Nearly four years after the death of former Greater Memphis Chamber CEO Philip Trenary, the two men accused now know they will stand trial in early December.
Quandarius Richardson, 22, and 26-year-old McKinney Wright were indicted by a grand jury in June 2019. The two are charged with first-degree murder and criminal especially aggravated robbery.
According an affidavit, Wright told officers he and Richardson were discussing "possible robbery targets as they drove around downtown Memphis" the evening of Sep. 27, 2018. Witnesses later told Memphis police investigators they saw someone pull up and exit a white truck, walk towards Trenary, and shoot him in the back of the head.

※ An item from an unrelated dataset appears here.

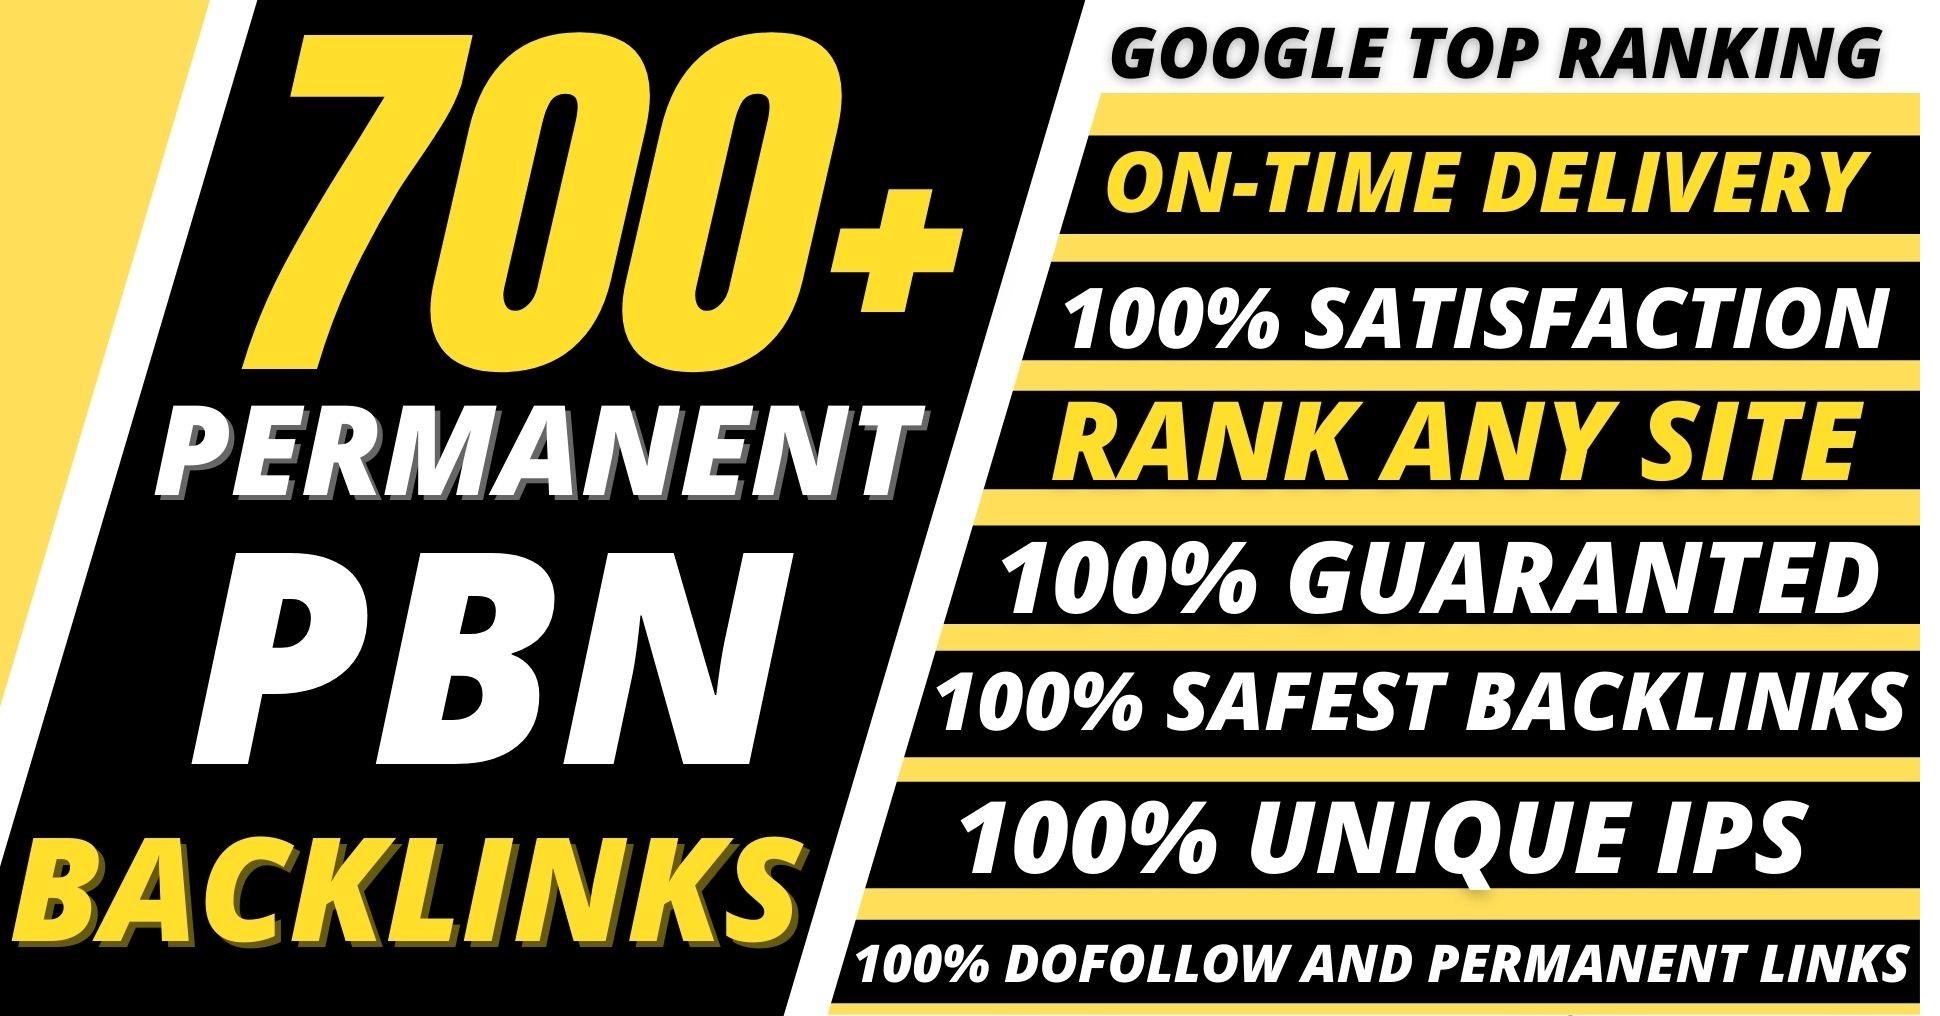 GET - POWERFULL - 700 - DA/DR 40+ PBN Links Gambling/Poker/Casino/Gaming Permanent Backlinks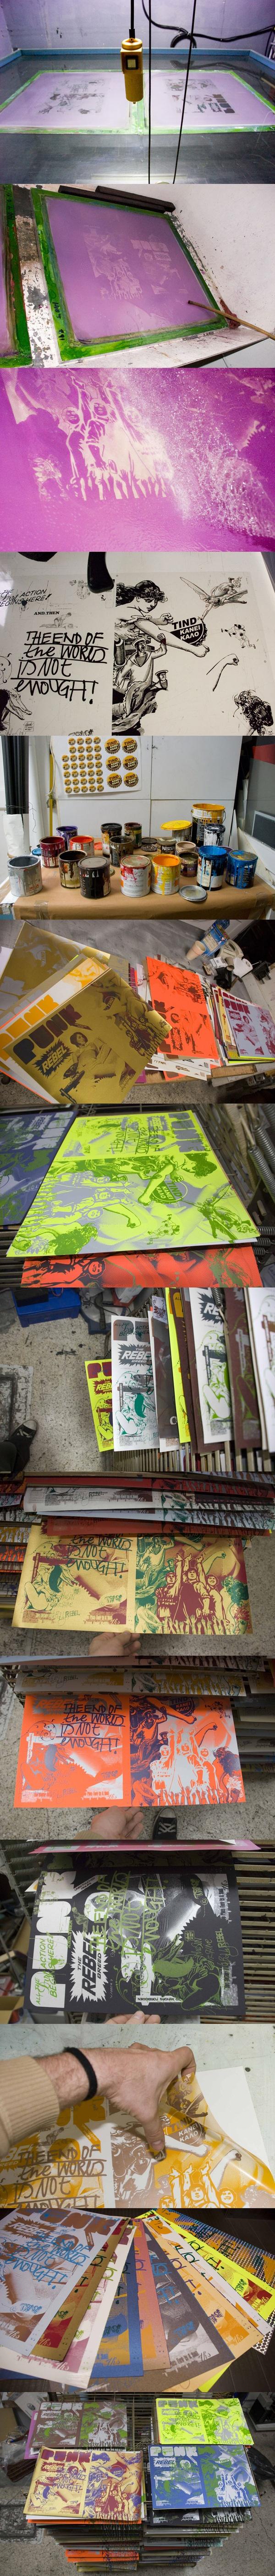 silkscreen printing by tind , via Behance

When officers arrived on scene, they "observed Trenary lying in the street unresponsive with citizens attempting to render aid," according to the affidavit. Officers were called around 7:30 p.m., with Trenary being pronounced dead by staff at Regional One Medical Center about a half hour later.
After further investigation, MPD identified Richardson, then 18-years-old, as a suspect, although what connected Richardson to the crime was not disclosed by police.
From the archives: One year ago, Memphis gasped at the shooting death of Phil Trenary
Just before noon the following day, officers saw a stolen truck in Frayser that matched witness description of the truck from the Front Street crime scene. After attempting to pull the truck over, officers were led on a high-speed chase through Memphis neighborhoods and highways until crashing at the intersection of McLemore Avenue and Mississippi Boulevard.
Through the carnage, first responders pulled Richardson from the Ford F-150's broken cab. Shymontre Reed, a 19-year-old at the time, was also in the car, but cleared of any involvement in Trenary's death.
Wright was arrested the next day, along with his 16-year-old cousin. Police reports and affidavits never detailed the exact way MPD connected the three to the case, only saying Richardson provided a "statement" which led police to Wright and the 19-year-old. The 16-year-old, whose identity wasn't immediately released, would later be dismissed from the case.
Trenary was walking to his downtown home from the Greater Memphis Chamber's Move it Memphis run at nearby Loflin Yard when he was shot. He was not running in the event, himself, but spoke highly of the city before starting the half-mile walk back to his property on South Front Street.
"It was just pretty tough knowing that he was just sharing his excitement about his team, the city, and as always, just really positive and bullish on Memphis," Memphis-Shelby County Schools board member Kevin Woods told the Commercial Appeal in 2018. "His belief in Memphis had never been stronger. And then, moments later, he was gone."
After Trenary's death, a fund was set up in his honor through the Community Foundation bearing his name. The fund stood as an ongoing tribute for a man who adopted Memphis as his home for over two decades and was consistently looking for ways to spread wealth around the city.
He was posthumously honored by the Memphis City Council in 2018 with a Humanitarian Award which was received by Brittney Rowe, his daughter.
"He didn't pursue progress for recognition, he pursued it because it was part of his fabric," Rowe said. "He could visualize the best in each person, and if he was having a conversation with you, you were the only person in the room."
Trenary was remembered as the "tip-of-the-spear" on many initiatives the chamber pursued, leading on fighting poverty and persuading businesses to create summer jobs for young people — the route he told the Commercial Appeal in mid-2017 that could best lower poverty rates in the city.
"We talk about breaking the cycle of poverty, which is not saying you're going to end poverty, but if you're the first person in that family to have a solid middle-class job, and you have a sustained family, you have a car, you have a home, you have all those things, you've broken the cycle of poverty," Trenary said. "So, that's what we're talking about. Breaking the cycle of poverty in that family. If you do that ten times, we're talking about breaking the cycle of poverty in that community."